What is being asked: Pictures in the listing should not be copied. Reproduce, word for word, each line from the one holding "uxcell 人工水草 水槽用" through the final line.

Given data:
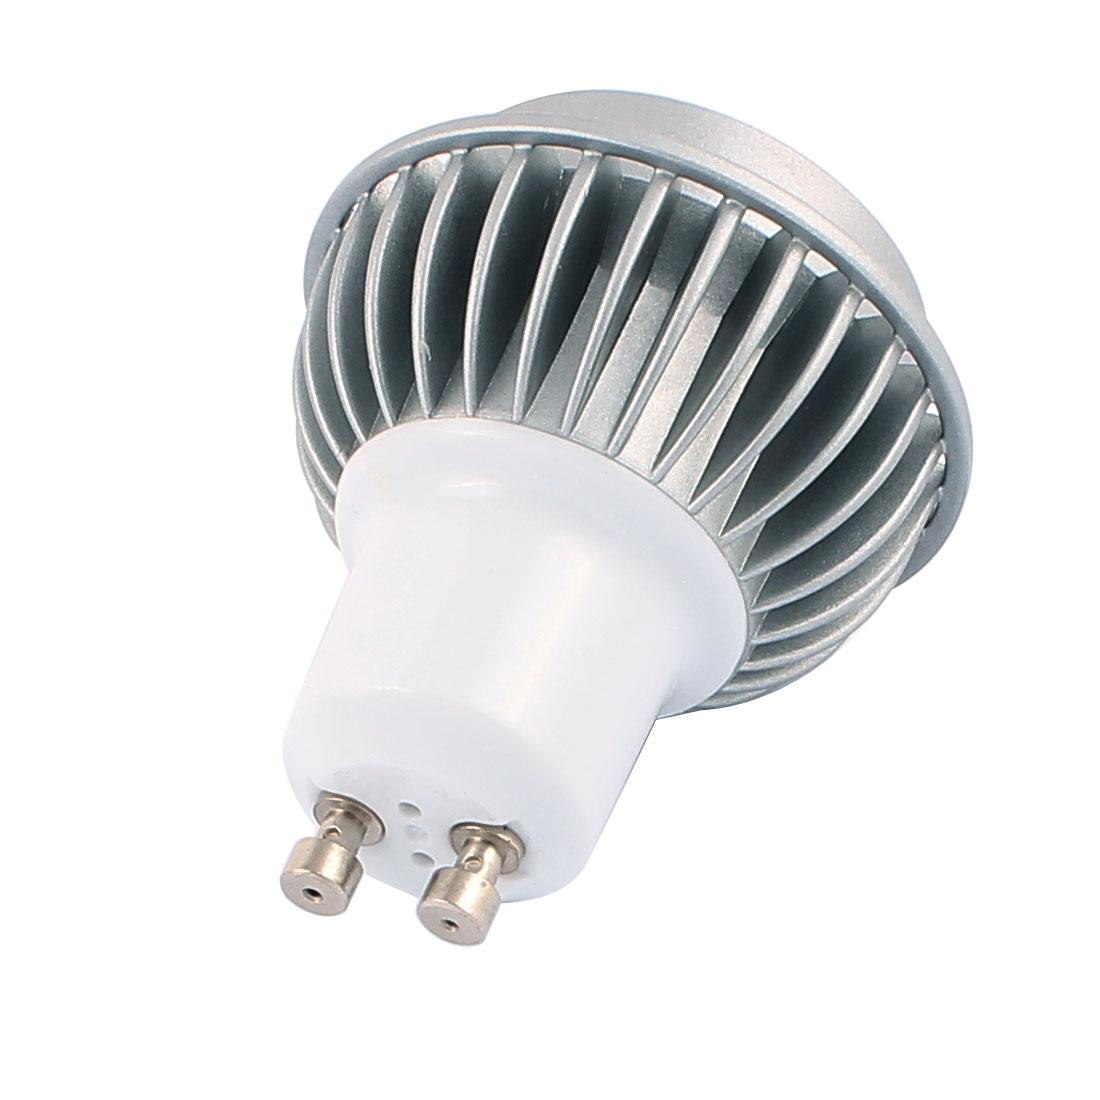 AC85-265V-3W-GU10-Base-COB-LED-Spotlight-Bulb-Downlight-Energy-Saving-Pure-White
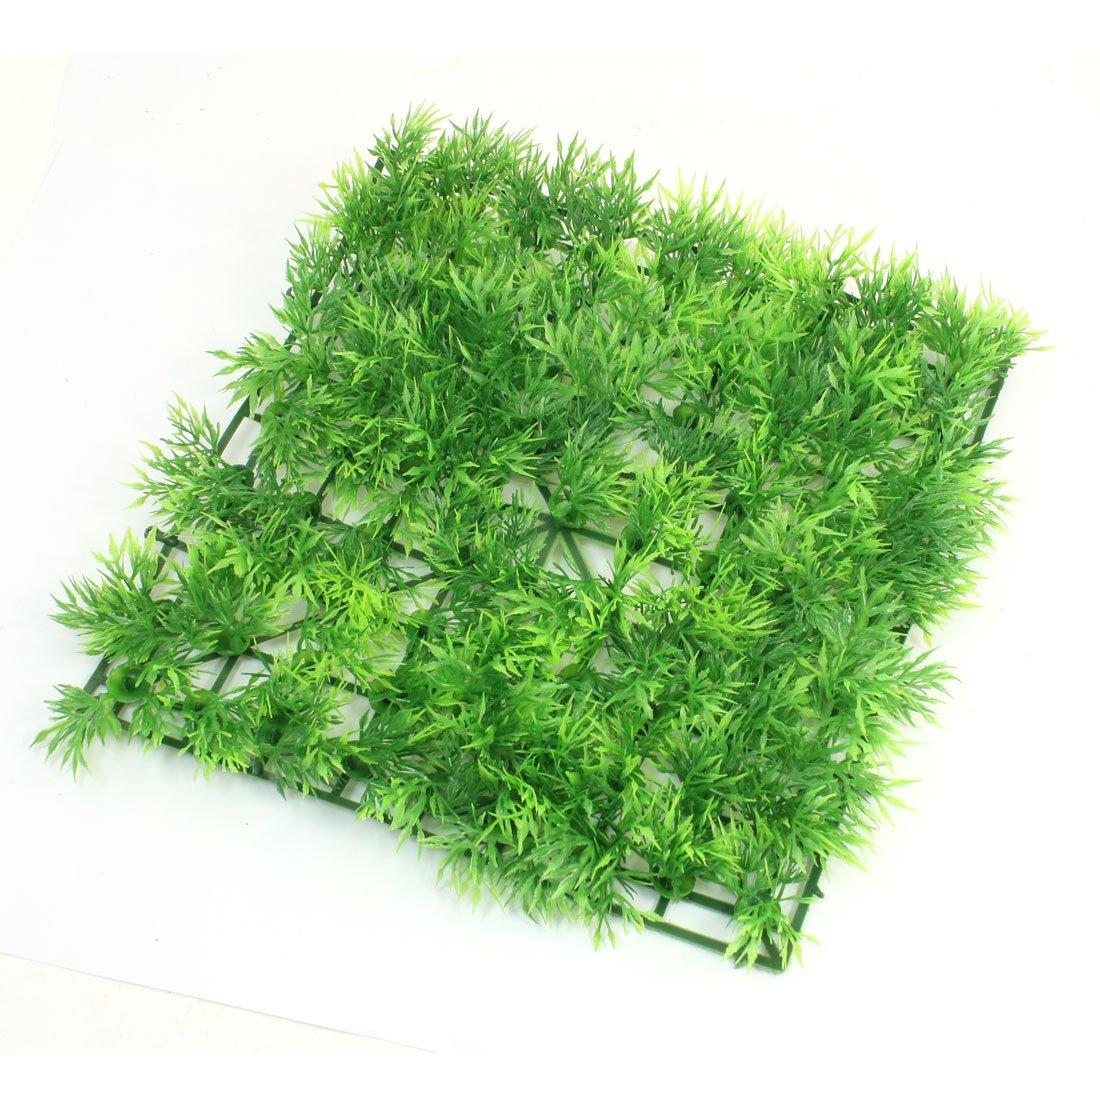 uxcell 人工水草 水槽用 アクアリウム 装飾 グリーン プラスチック グラス 人造 ローン 25 x 25cm B006W2HZ9O type1 type1
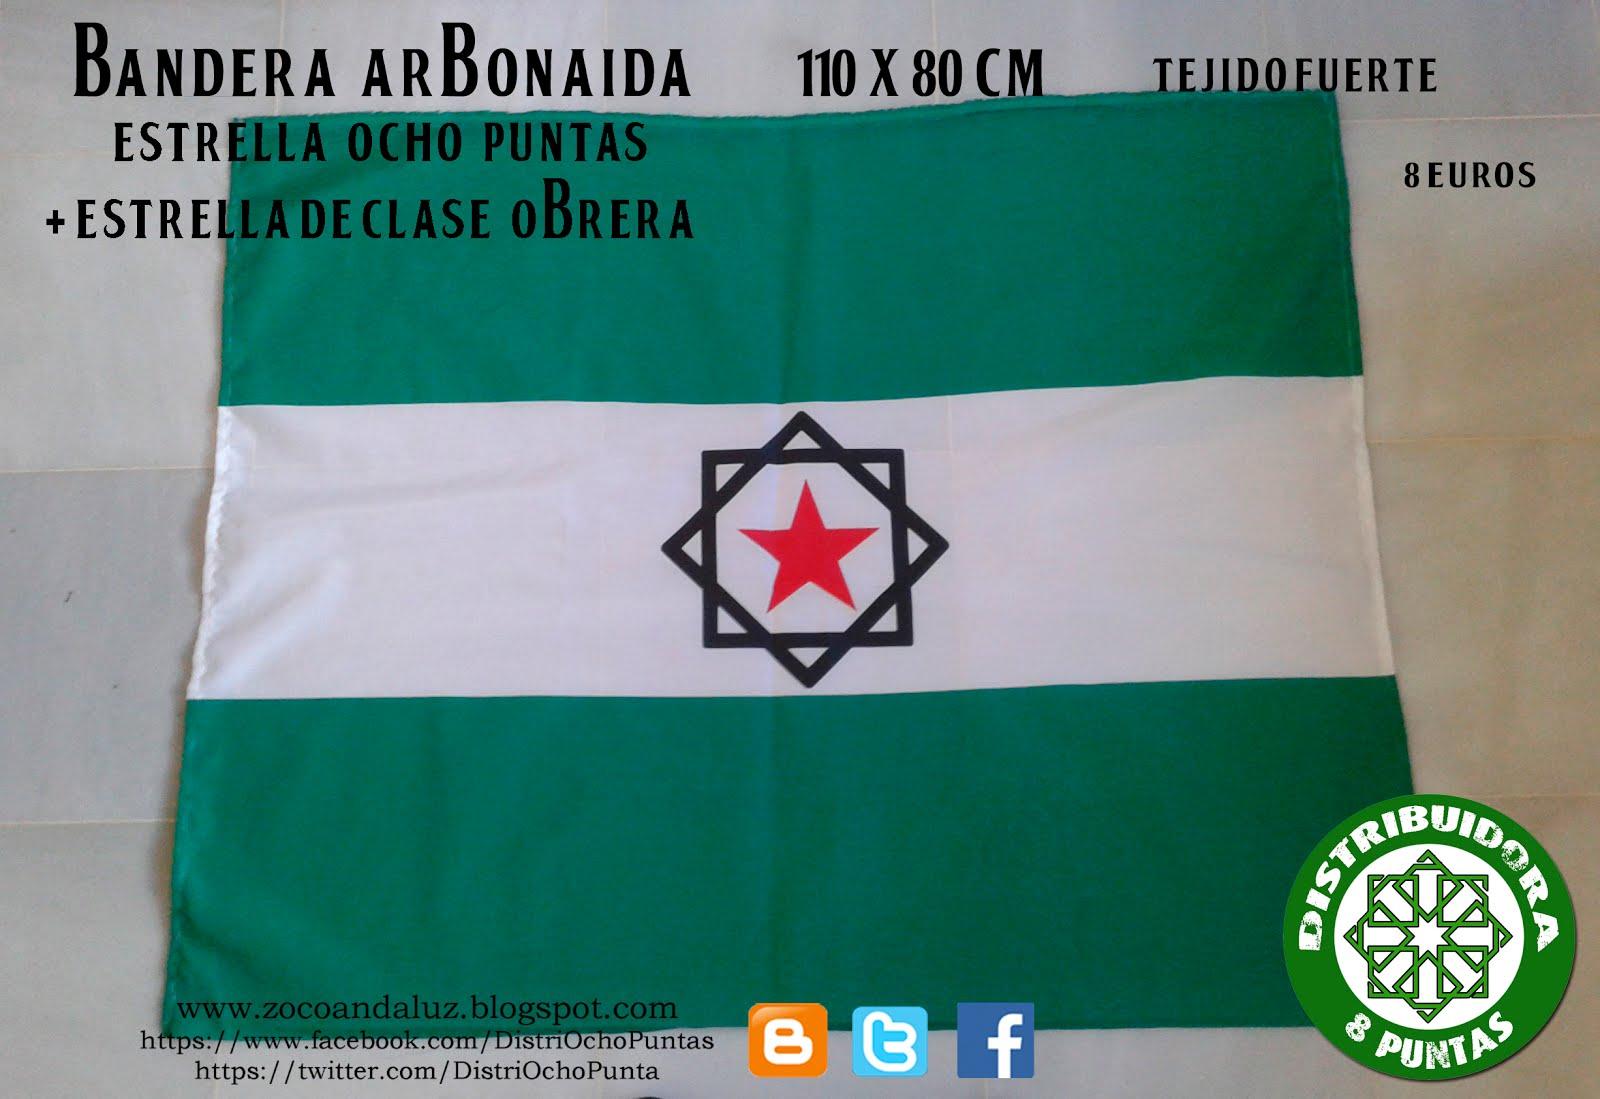 Arbonaida Gadeiro + Estrella roja de clase
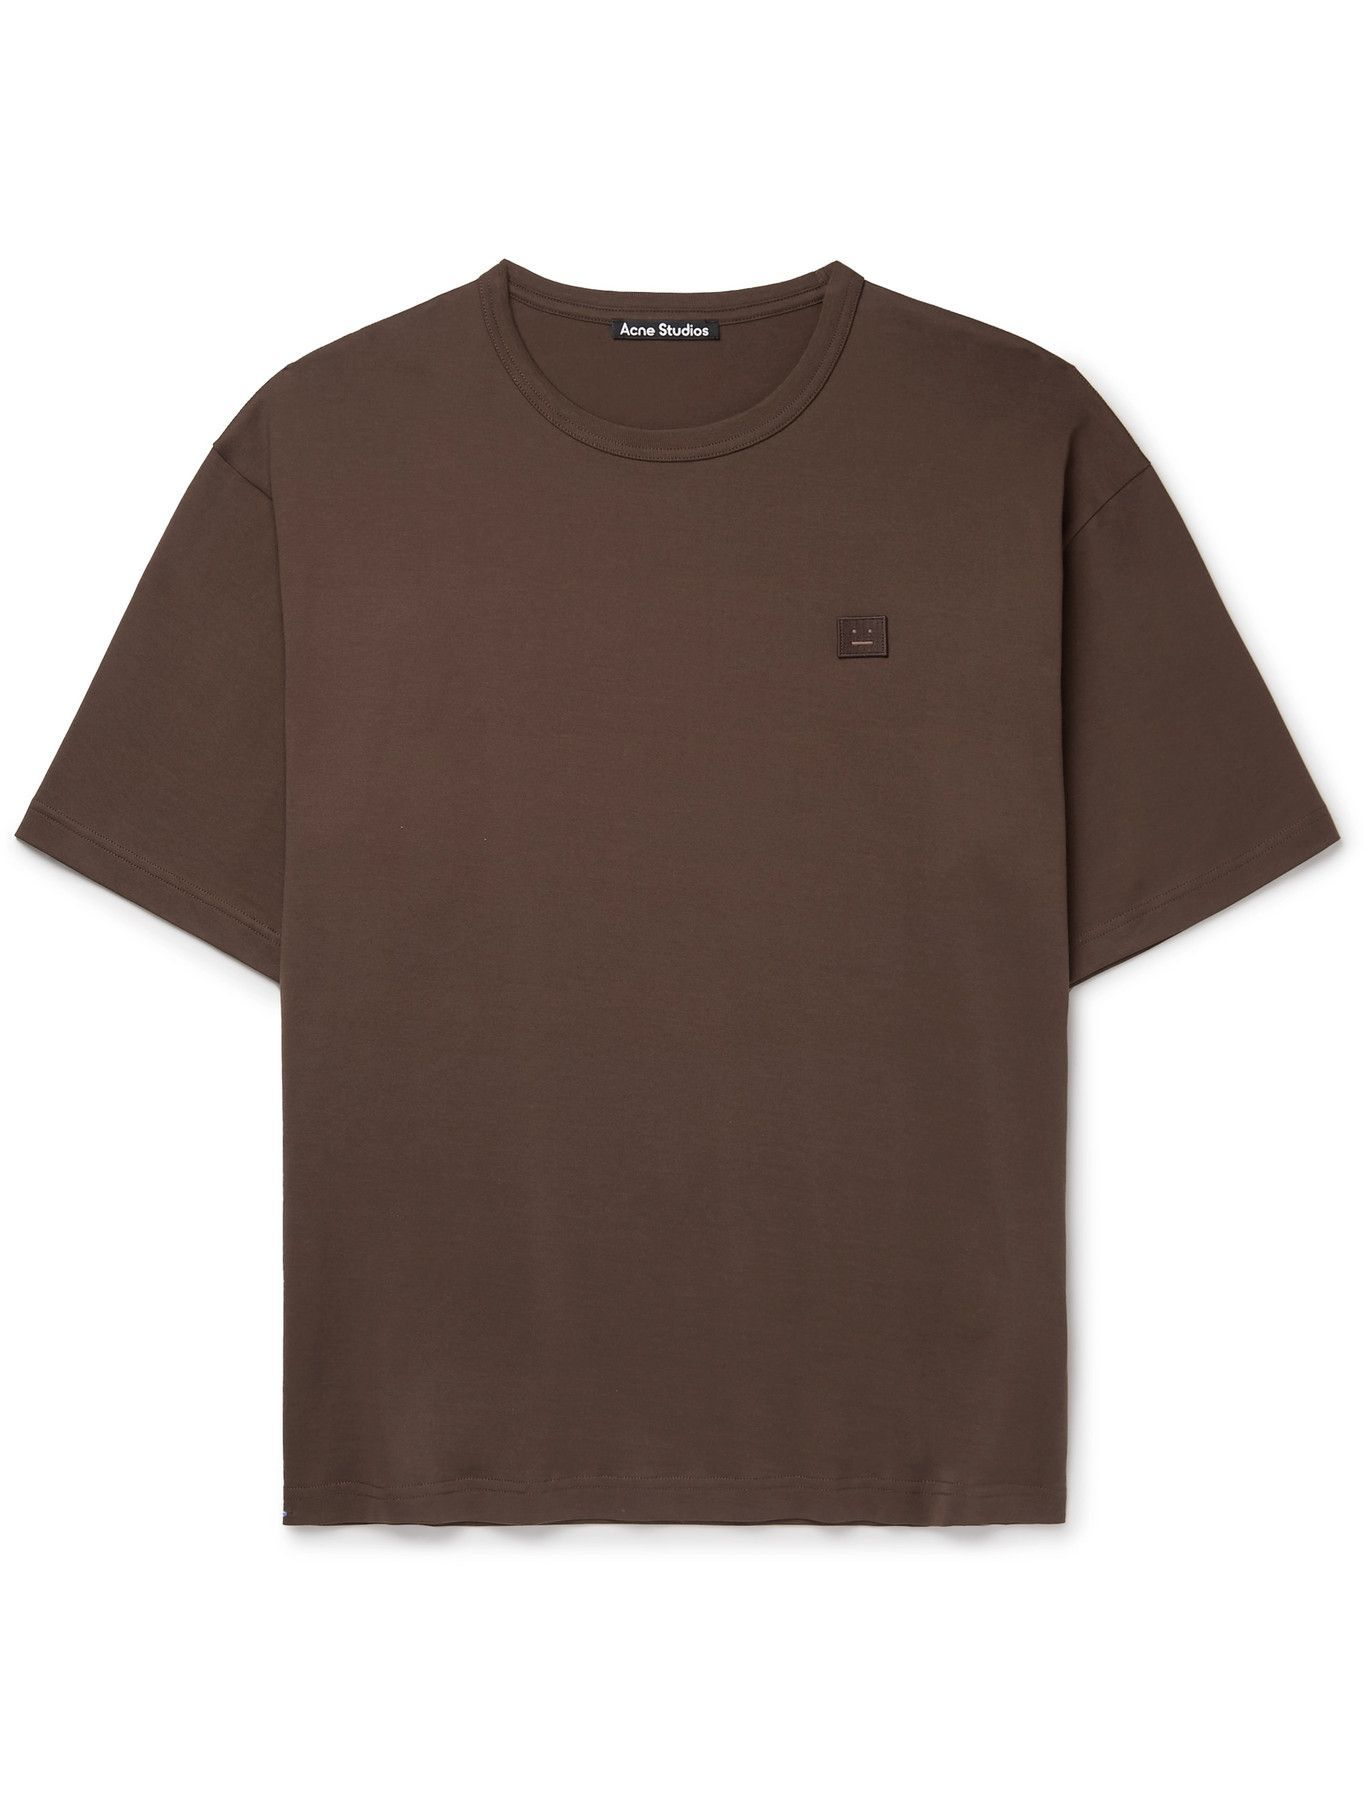 Photo: ACNE STUDIOS - Exford Oversized Logo-Appliquéd Cotton-Jersey T-Shirt - Brown

Task solution:
 uxcell 人工水草 水槽用 アクアリウム 装飾 グリーン プラスチック グラス 人造 ローン 25 x 25cm B006W2HZ9O type1 type1
 Arbonaida Gadeiro + Estrella roja de clase
 Photo: ACNE STUDIOS - Exford Oversized Logo-Appliquéd Cotton-Jersey T-Shirt - Brown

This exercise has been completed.